BEGIN

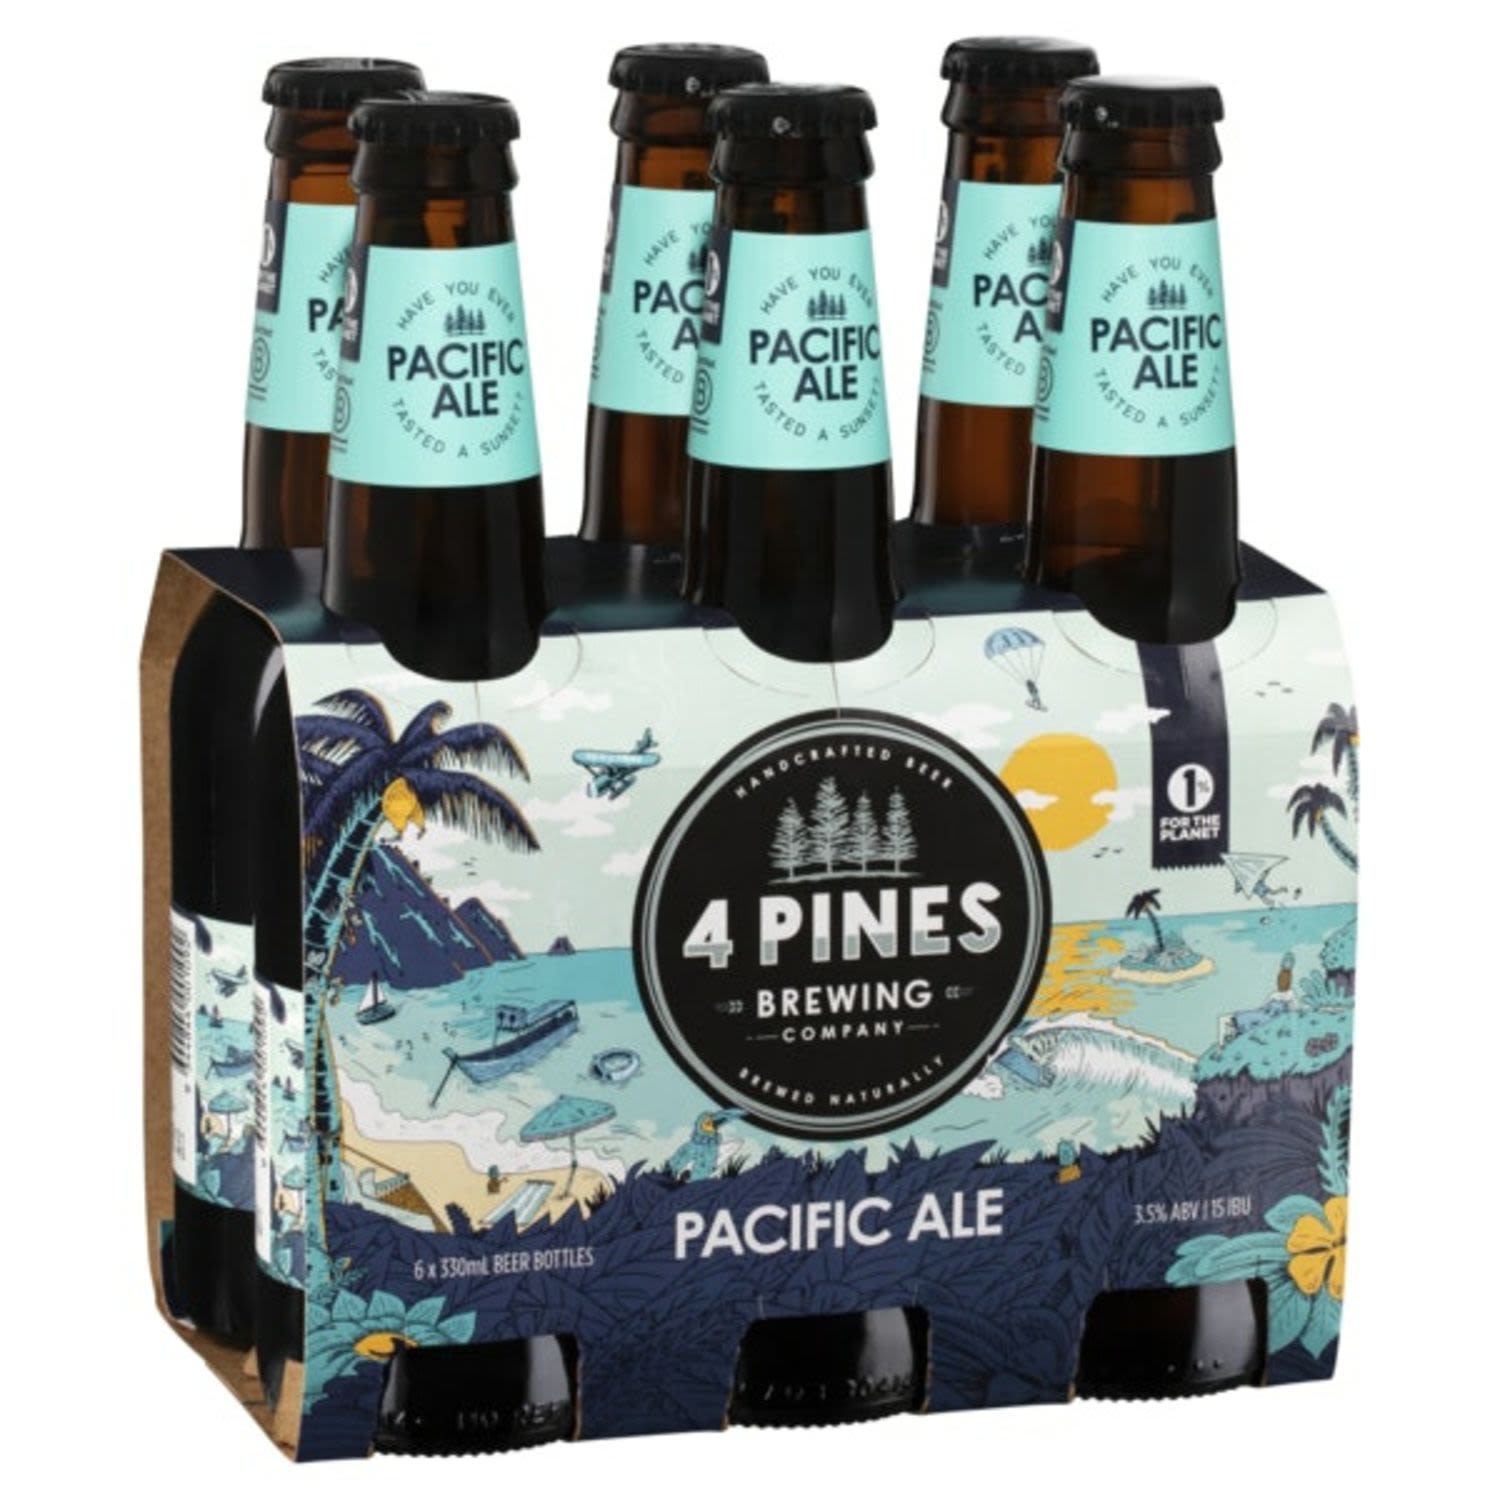 4 Pines Pacific Ale 3.5% Bottle 330mL 6 Pack
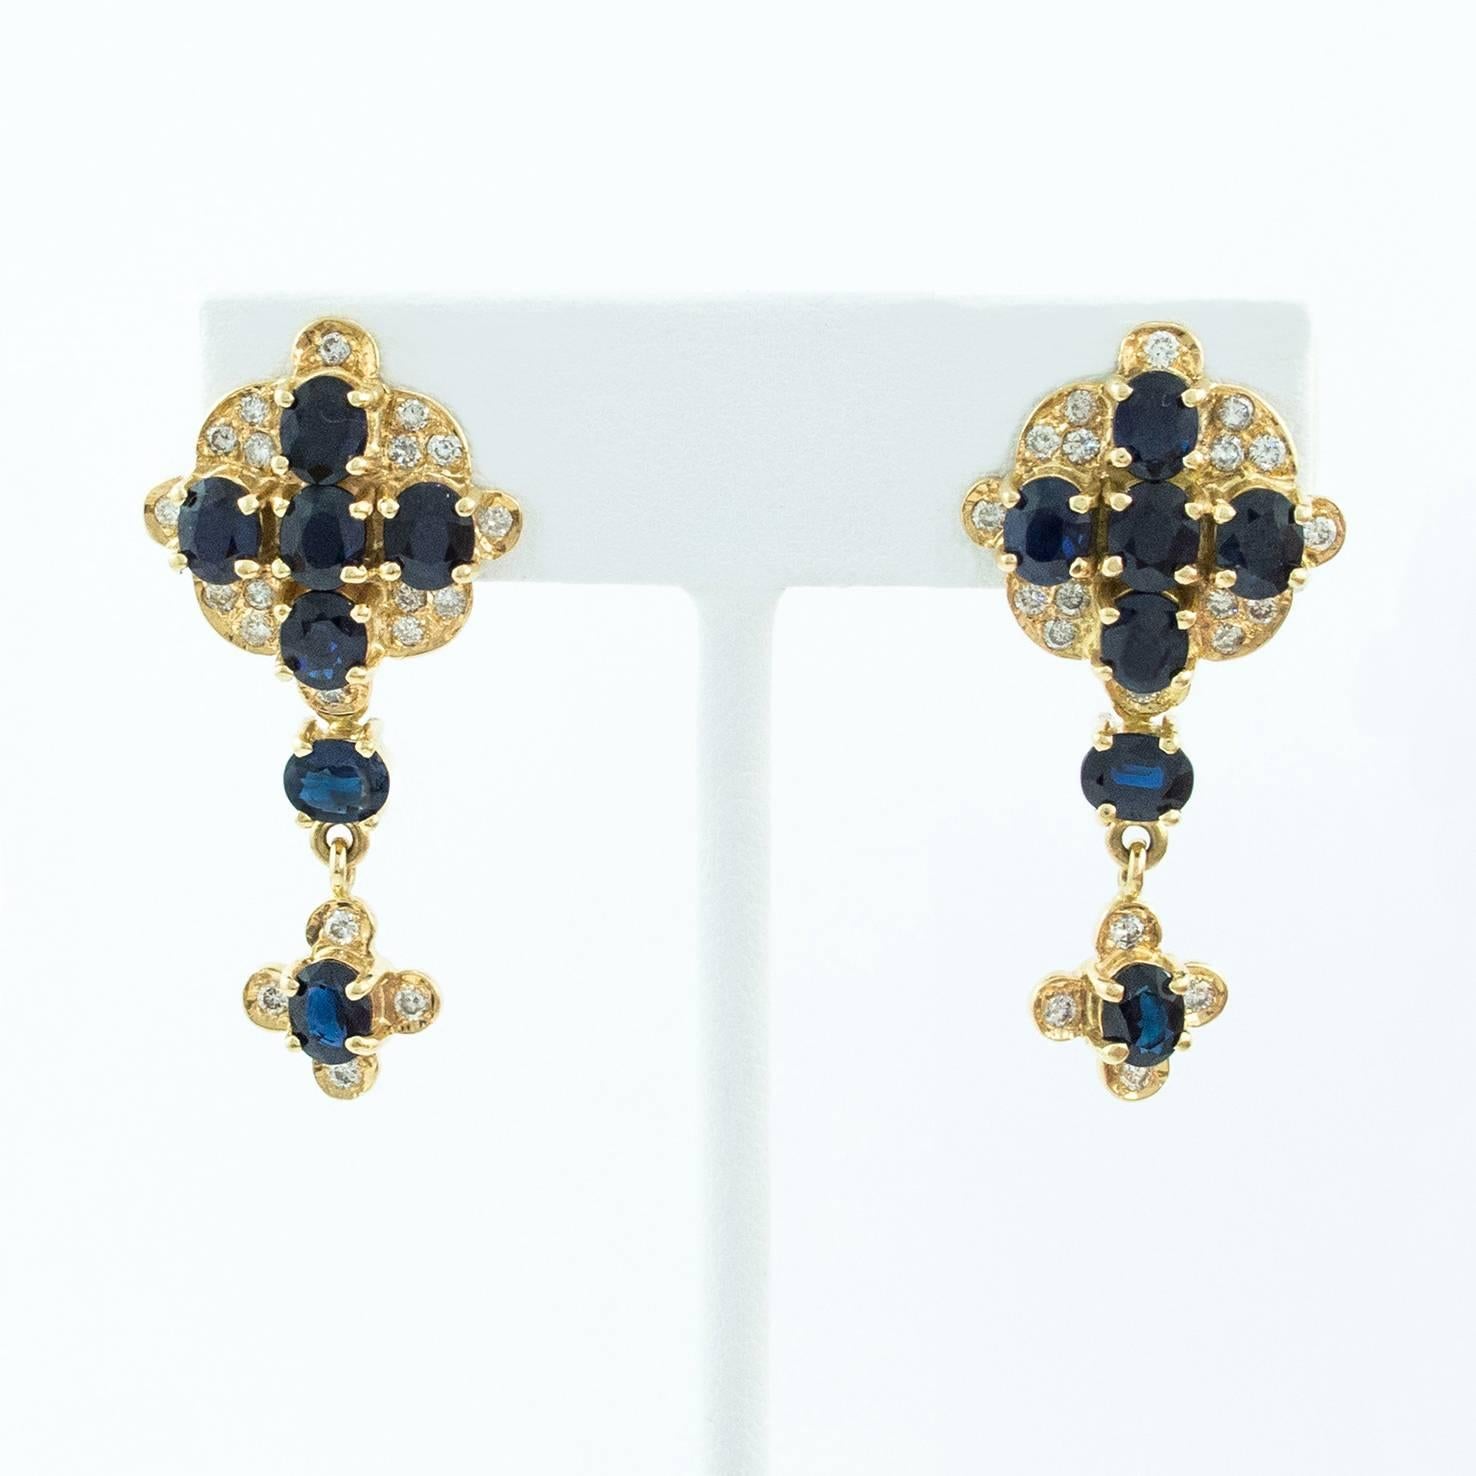 A lovely pair of 14K yellow gold Blue Sapphire and Diamond Gold Cross Drop Earrings. Set with fourteen Oval Faceted natural Blue Sapphires and forty Brilliant cut Diamonds.

The earrings hang 1.75 inches long. The top of the earrings sit well on the

END

**What this task involves**
Could the material above be given again in full and exactly, with its pictures left out?

**Solved problem**
 4 Pines Pacific Ale 3.5% Bottle 330mL 6 Pack
 A lovely pair of 14K yellow gold Blue Sapphire and Diamond Gold Cross Drop Earrings. Set with fourteen Oval Faceted natural Blue Sapphires and forty Brilliant cut Diamonds.

The earrings hang 1.75 inches long. The top of the earrings sit well on the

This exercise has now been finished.